-- What this task involves --
Your reply should reproduce all the data below exactly while excluding the pictures.

Record set START

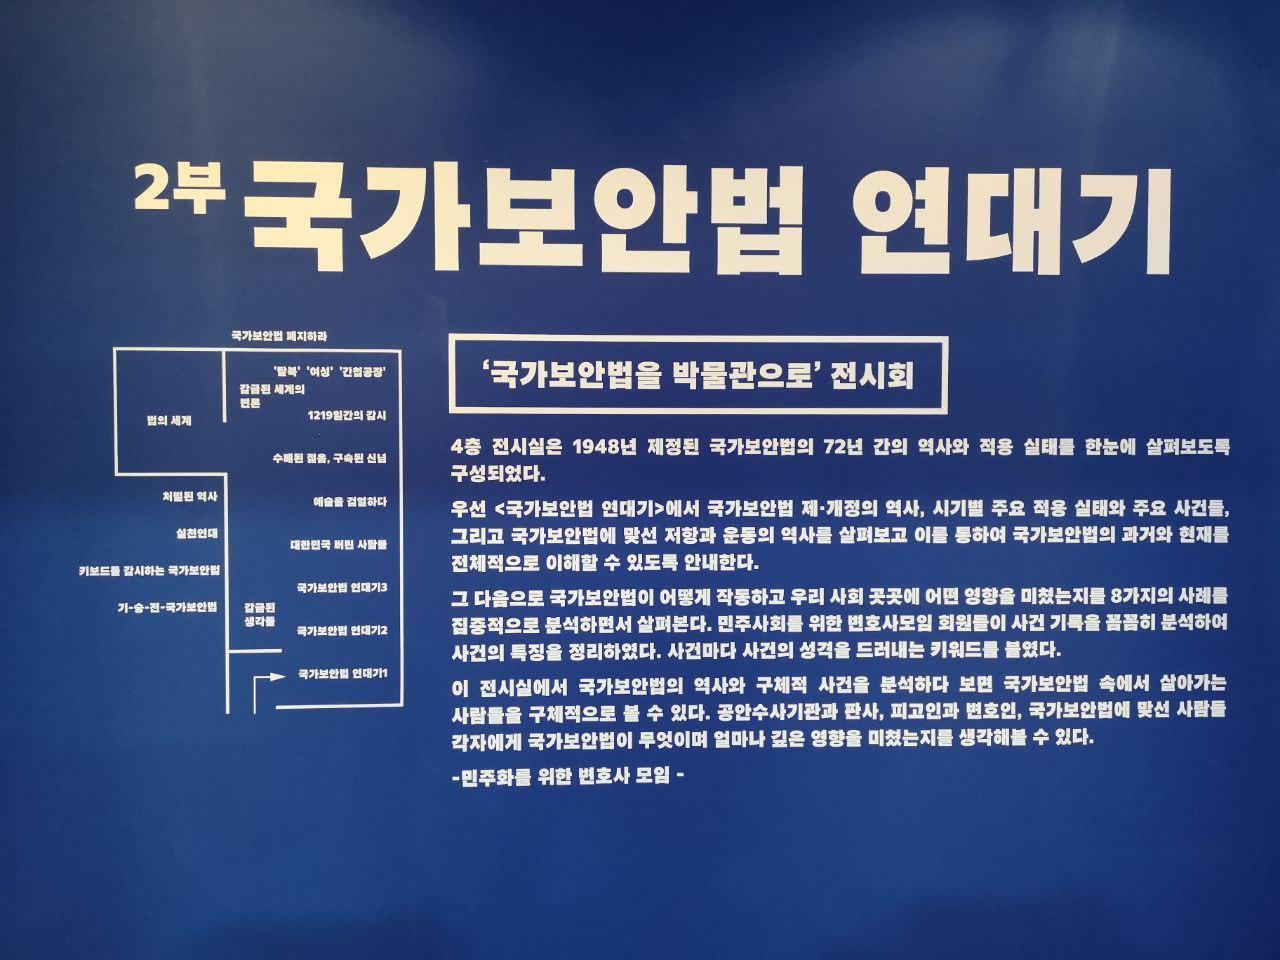 2부 국가보안법 연대기 안내판
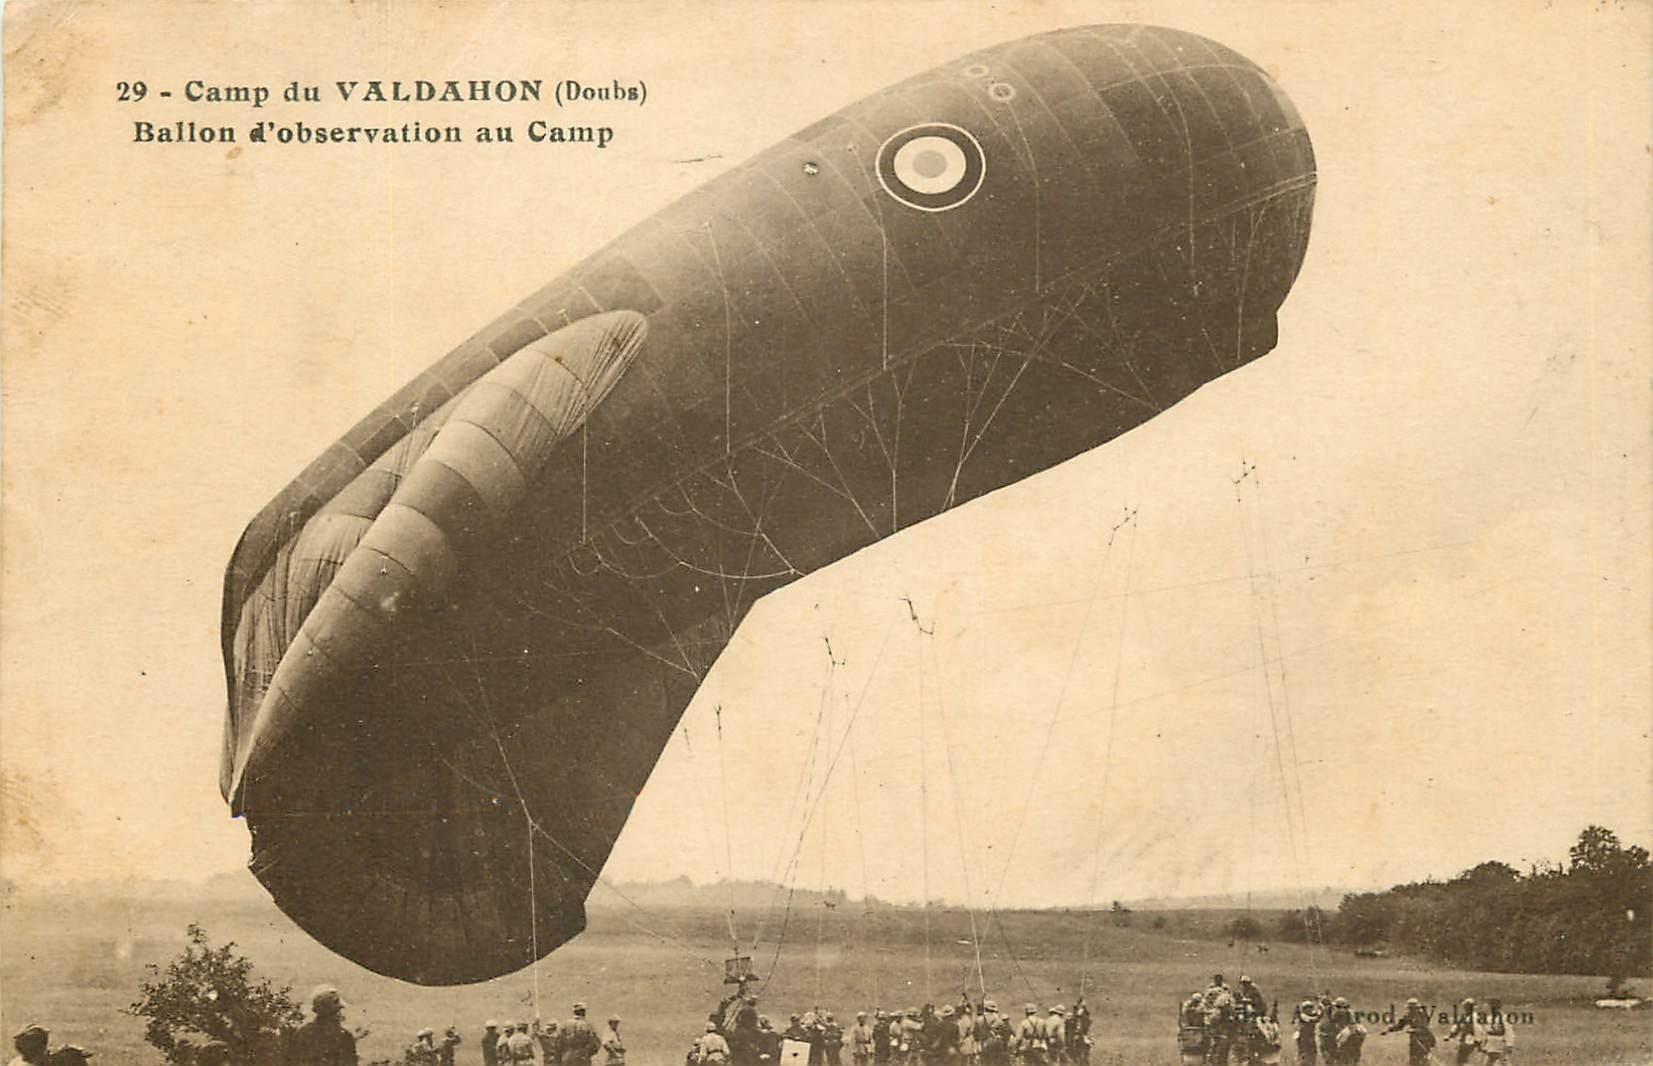 WW 25 CAMP DE VALDAHON. Ballon d'observation 1927 aérostat militaire
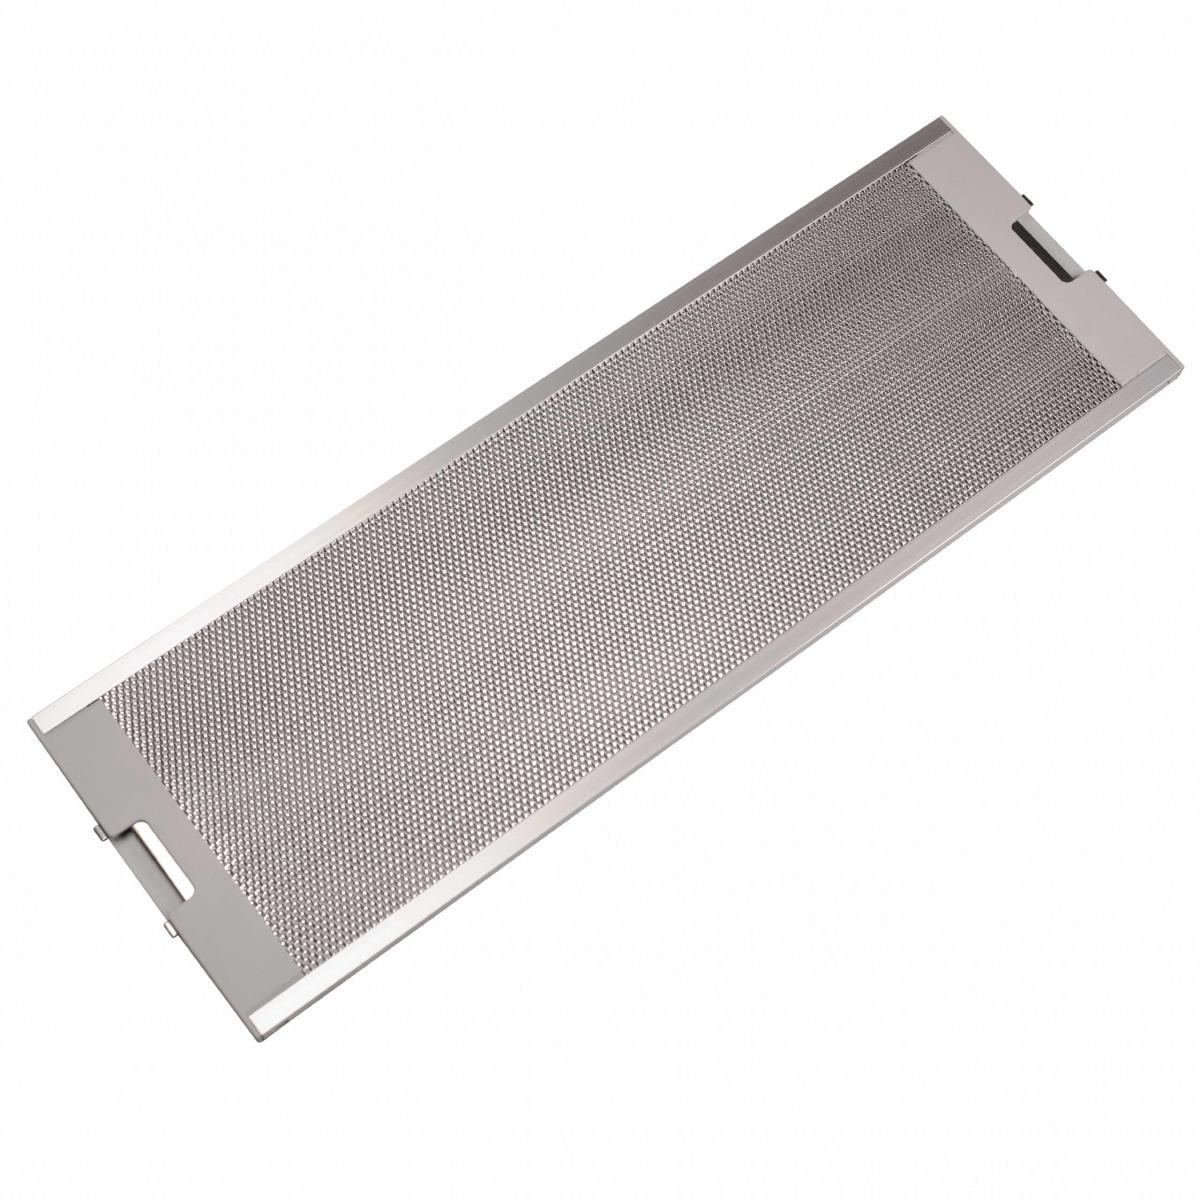 Vhbw vhbw Filtre Permanent Filtre à Graisse Métallique compatible avec Imperial DMA 64/4 EL EX/NL, DMA 64/4 EL EX/P Hottes de
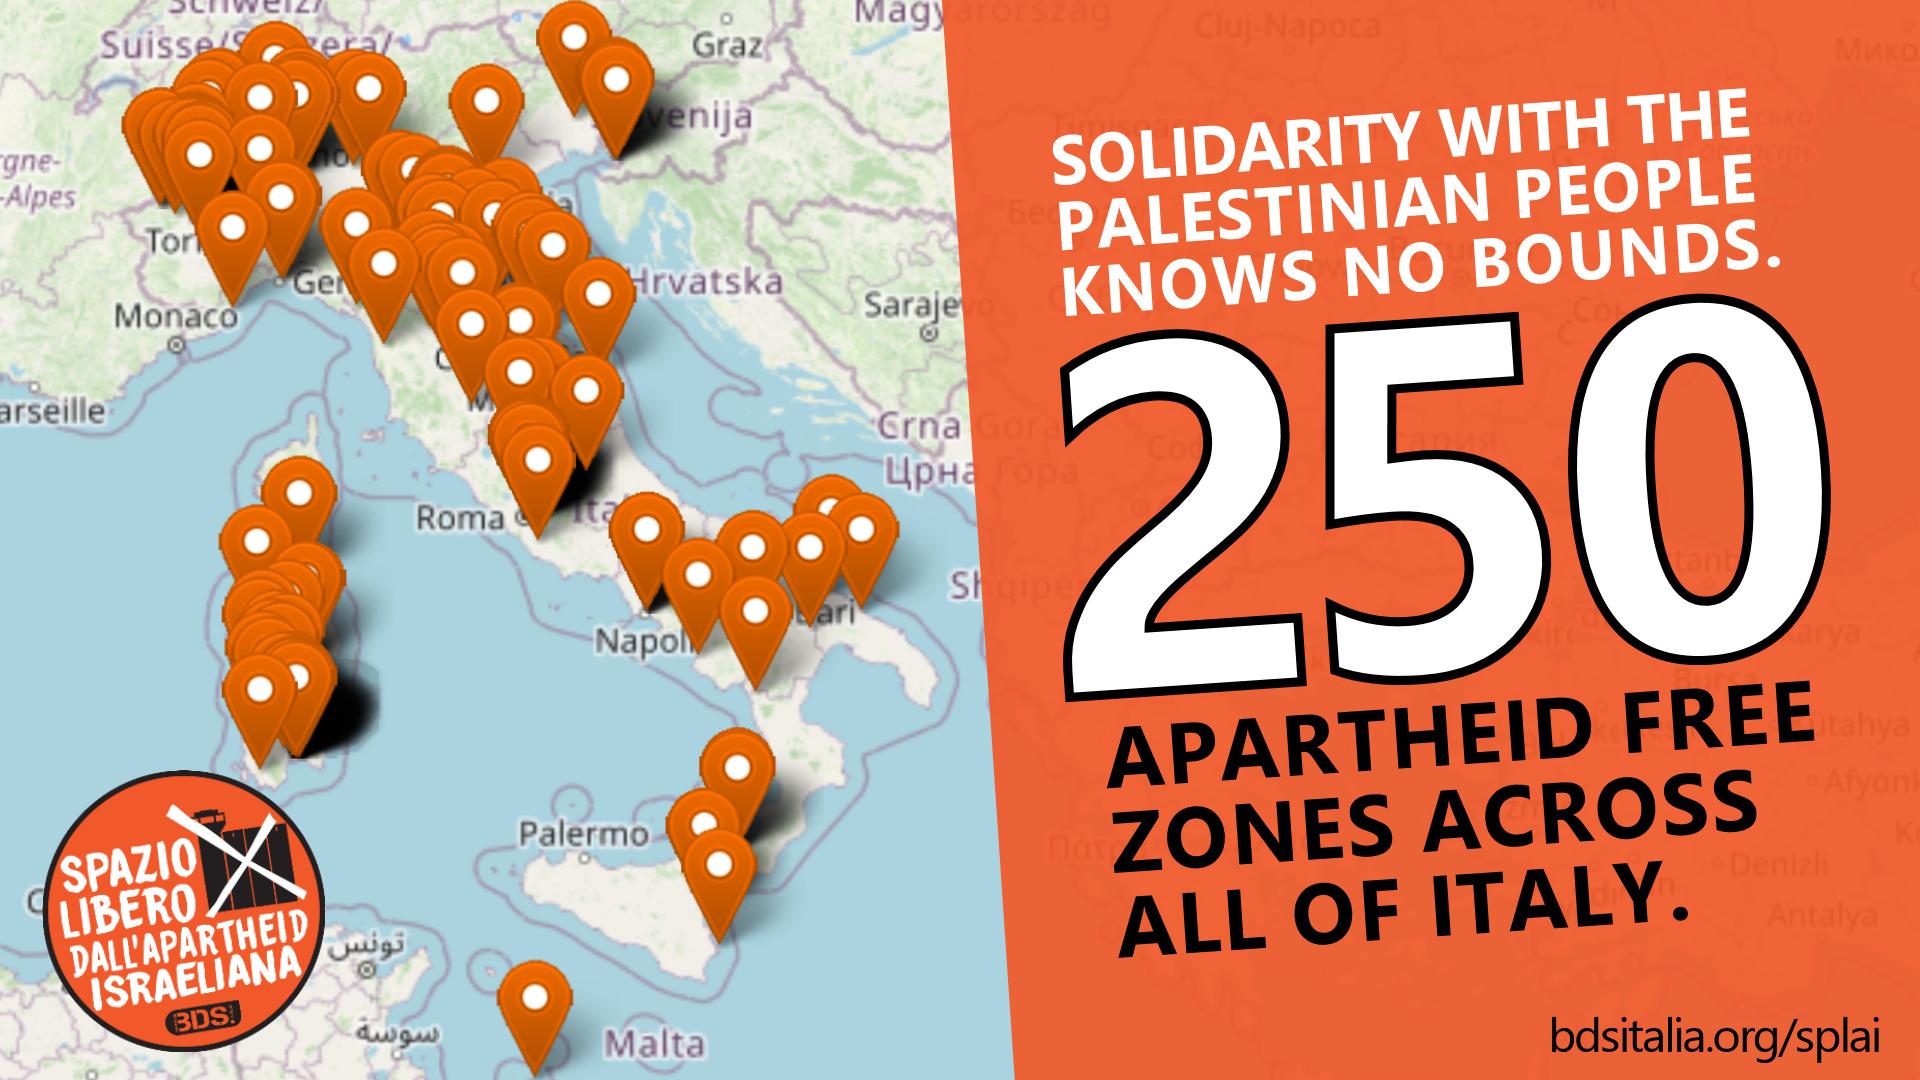 250 Israeli Apartheid Free Zones Throughout Italy
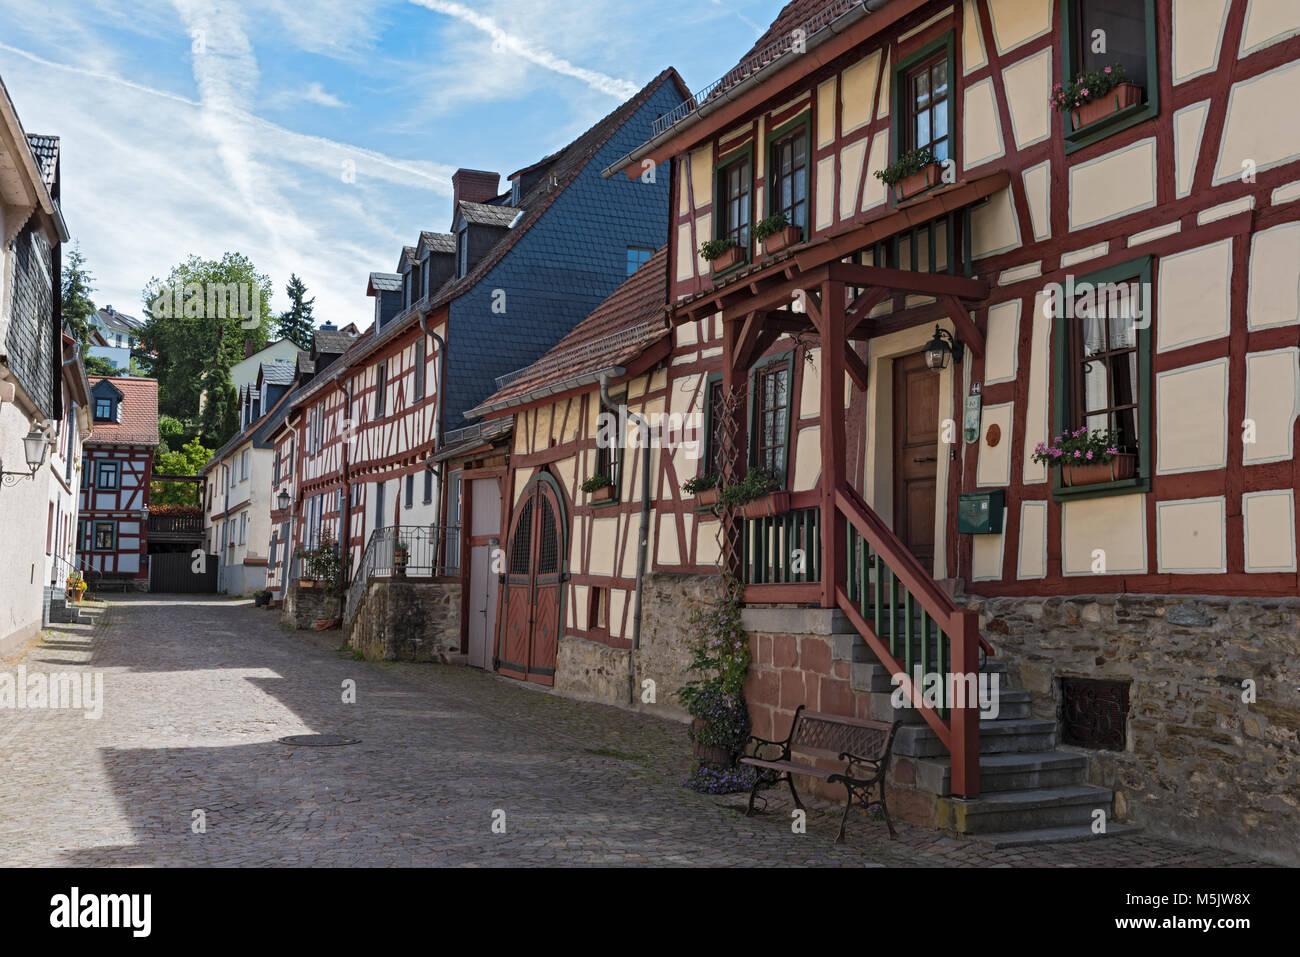 Kleine Gasse mit Fachwerkhäusern in der Altstadt von Idstein, Hessen, Deutschland Stockbild

Record set END

-- Expected answer --
 2부 국가보안법 연대기 안내판
 WW 25 CAMP DE VALDAHON. Ballon d'observation 1927 aérostat militaire
 Vhbw vhbw Filtre Permanent Filtre à Graisse Métallique compatible avec Imperial DMA 64/4 EL EX/NL, DMA 64/4 EL EX/P Hottes de
 250 Israeli Apartheid Free Zones Throughout Italy
 Kleine Gasse mit Fachwerkhäusern in der Altstadt von Idstein, Hessen, Deutschland Stockbild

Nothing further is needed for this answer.